(January 17, 2002)
The People of the State of New York, Respondent, v Solomon J. Jones, Jr., Appellant.
[736 NYS2d 192]
[MAJORITY — Rose, J.]
Rose, J.
Appeal from a judgment of the County Court of Broome County (Smith, J.), rendered February 7, 2000, upon a verdict convicting defendant of the crime of burglary in the second degree.
Upon his conviction for entering and taking personal property from an apartment in the City of Binghamton, Broome County, defendant was sentenced as a second violent felony offender to a determinate prison term of 8x/2 years. He now appeals.

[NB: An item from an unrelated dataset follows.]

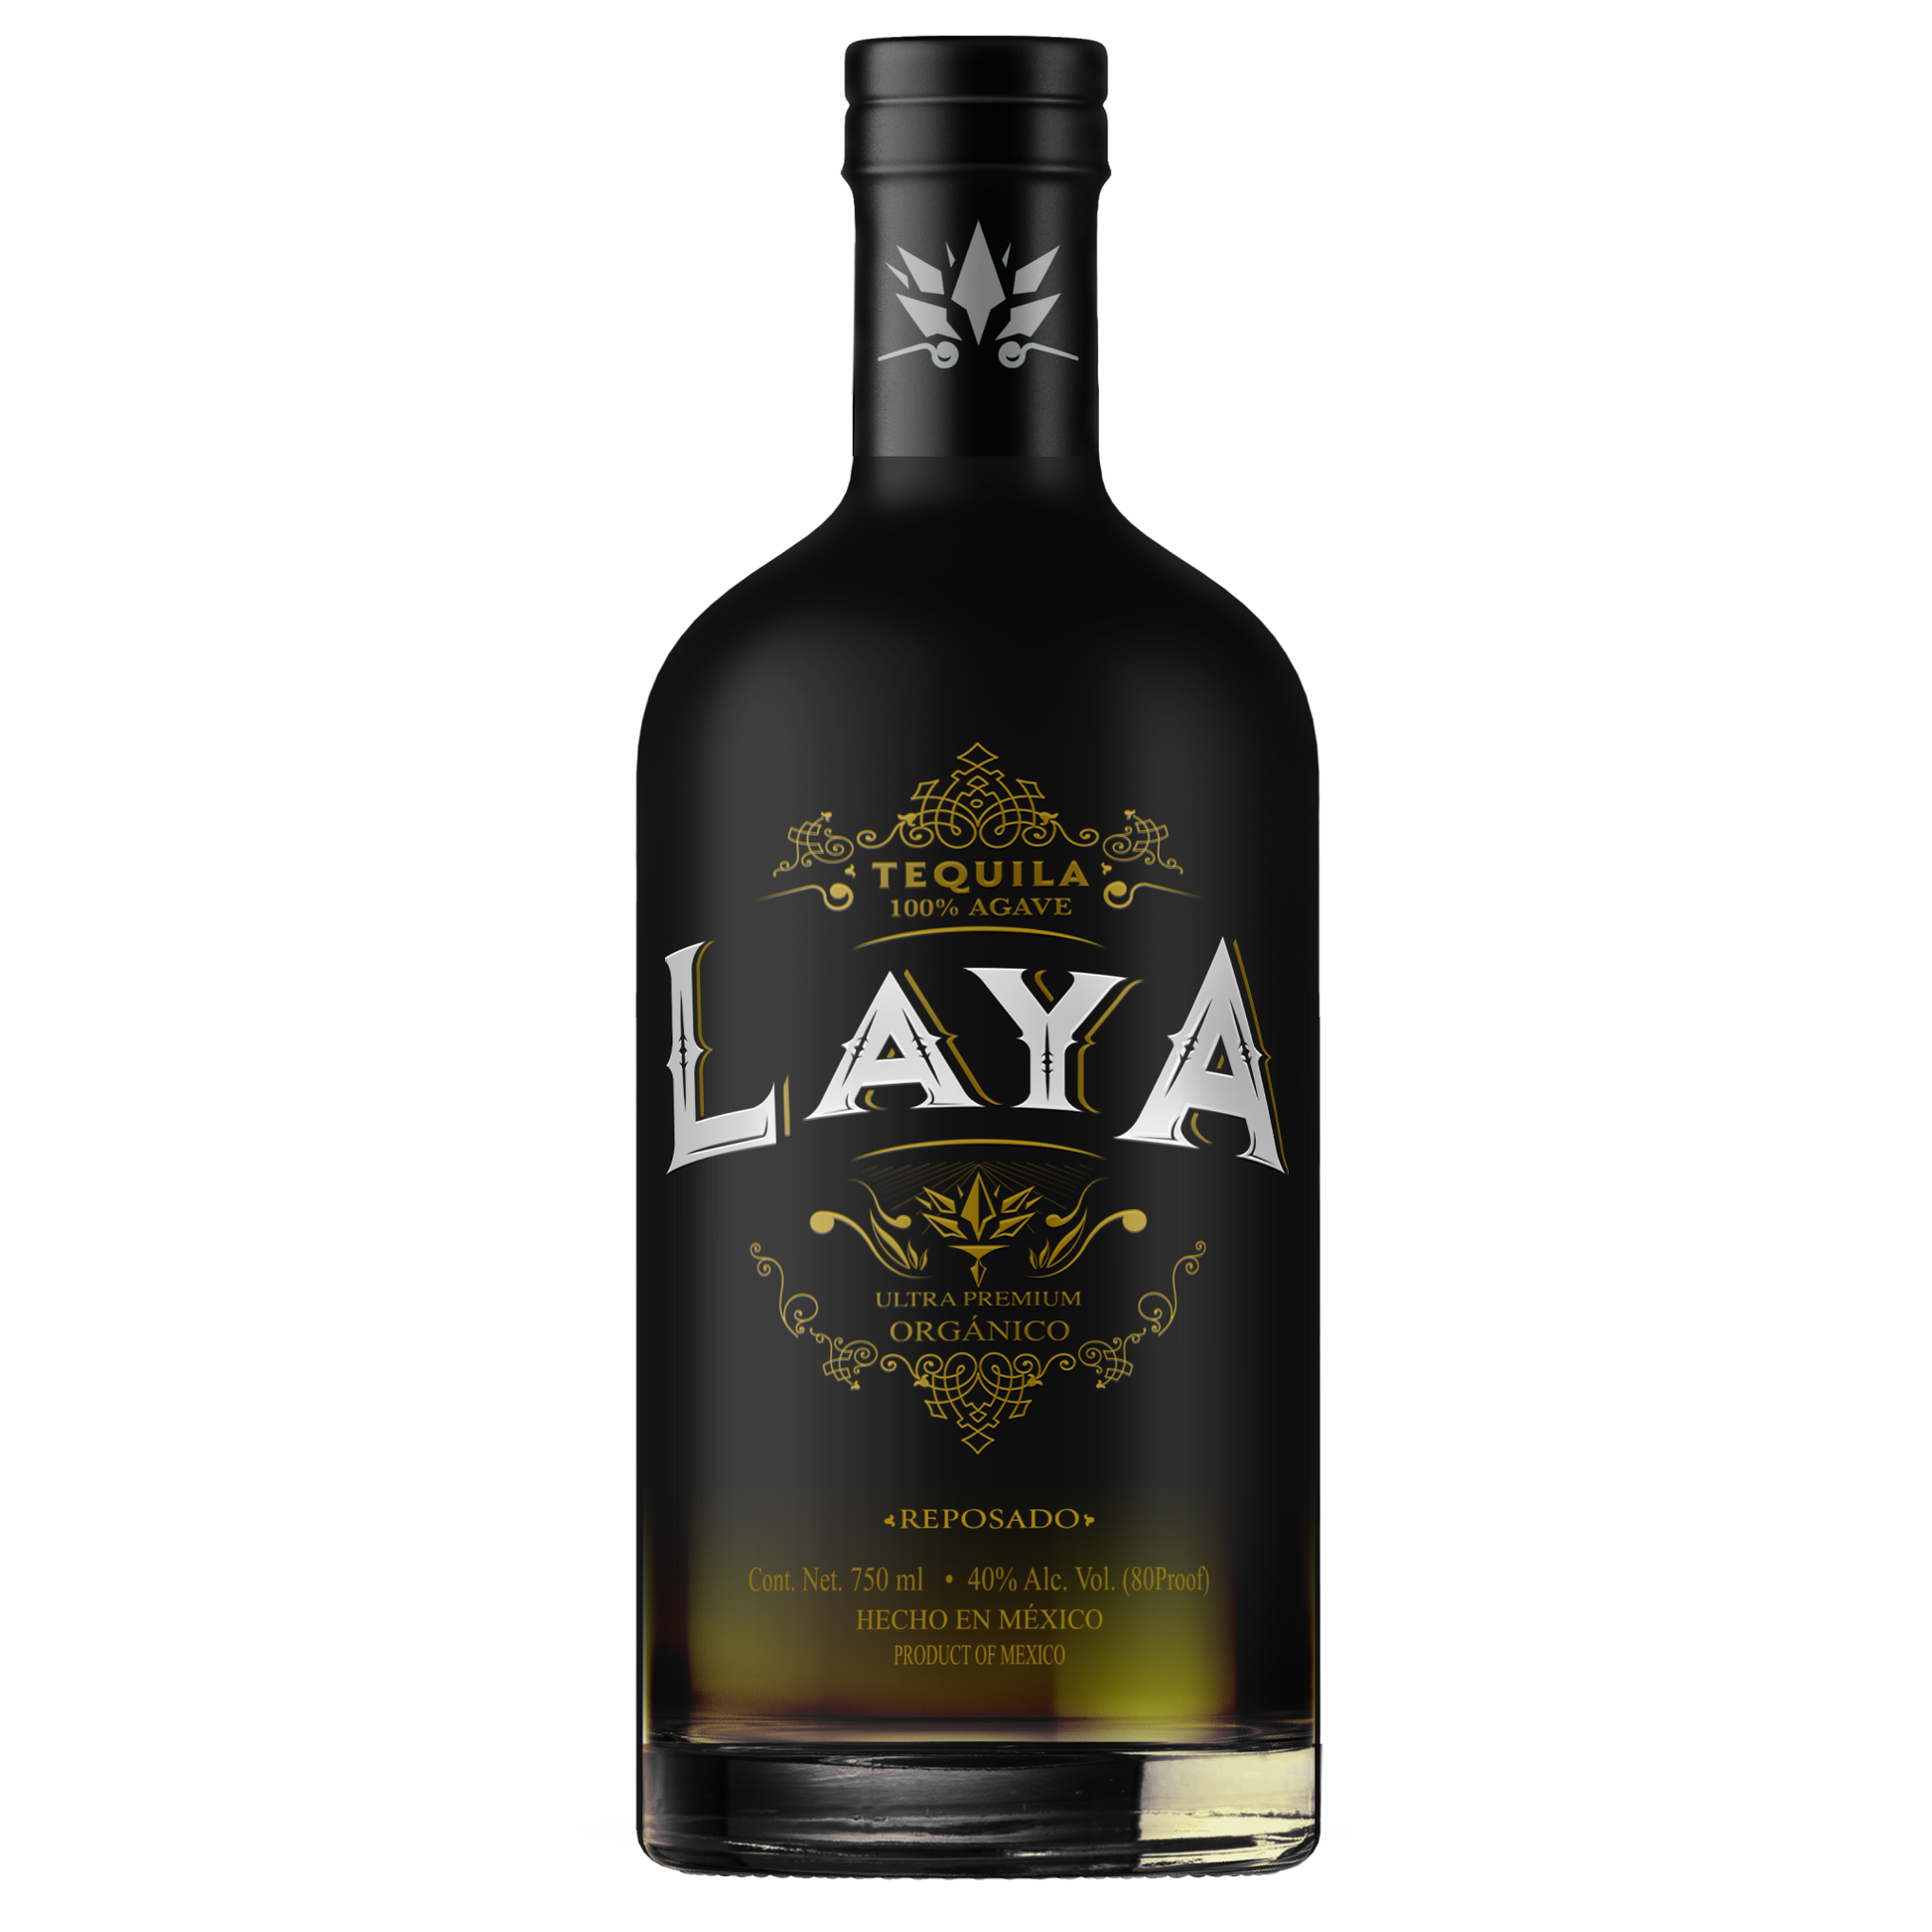 Laya Reposado - Liquor Geeks

We find no merit in defendant’s contention that his conviction should be reversed because his status as a parolee was improperly disclosed to the jury despite County Court’s Sandoval ruling precluding any mention of prior parole violations. Due to defendant’s failure to either object to the prosecution’s alleged violation of that ruling or request a curative instruction, the issue is unpreserved for our review (see, CPL 470.05 [2]; People v Walker, 249 AD2d 15, 16; People v Valenti, 199 AD2d 617, 618, lv denied 83 NY2d 811). Were we to review it, we would nevertheless find any error resulting from the arresting officer’s fleeting mention of a parole hearing on cross-examination to be harmless in light of the overwhelming proof of defendant’s guilt (see, People v Boose, 234 AD2d 911, 912, lv denied 89 NY2d 984).
We also disagree with defendant’s contention that the evidence was legally insufficient to sustain his conviction and that the jury failed to properly weigh the evidence. Evidence is legally sufficient where, “ ‘after viewing the evidence in the light most favorable to the prosecution, any rational trier of fact could have found the essential elements of the crime beyond a reasonable doubt’ ” (People v Contes, 60 NY2d 620, 621, quoting Jackson v Virginia, 443 US 307, 319 [emphasis in original]; see, People v Cabey, 85 NY2d 417, 420; People v Board, 268 AD2d 795, 796). Here, police officer Christopher Braceo testified that, near a building located only a short distance from the apartment in question, he had observed defendant carrying luggage containing items of property later determined to belong to the residents of the apartment. When defendant attempted to flee, Braceo pursued and apprehended him. The luggage was then found near where Braceo had first observed defendant, and additional stolen property, including the wallet of one of the victims, was found later in a chair in a police station hallway where defendant had been held in custody. In addition, the testimony of a forensic scientist established that pieces of glass found in defendant’s sneaker were consistent with broken glass found at the apartment. Although this evidence is circumstantial, the jury could have reasonably inferred that defendant was the person who burglarized the apartment from his unexplained and exclusive possession of the victims’ property, his flight from Braceo and the pieces of glass in his sneaker. Our independent review of the trial evidence (see, People v White, 261 AD2d 653, 656, lv denied 93 NY2d 1029) also leads us to conclude that the jury accorded the evidence its proper weight (see, People v Bleakley, 69 NY2d 490, 495).
Finally, in light of defendant’s extensive criminal record, we are unpersuaded that his age and illnesses render the sentence harsh and excessive (see, People v Mayerhofer, 283 AD2d 672, 675; People v Gaddy, 191 AD2d 735, 736, lv denied 82 NY2d 718).
Cardona, P.J., Peters, Mugglin and Lahtinen, JJ., concur. Ordered that the judgment is affirmed.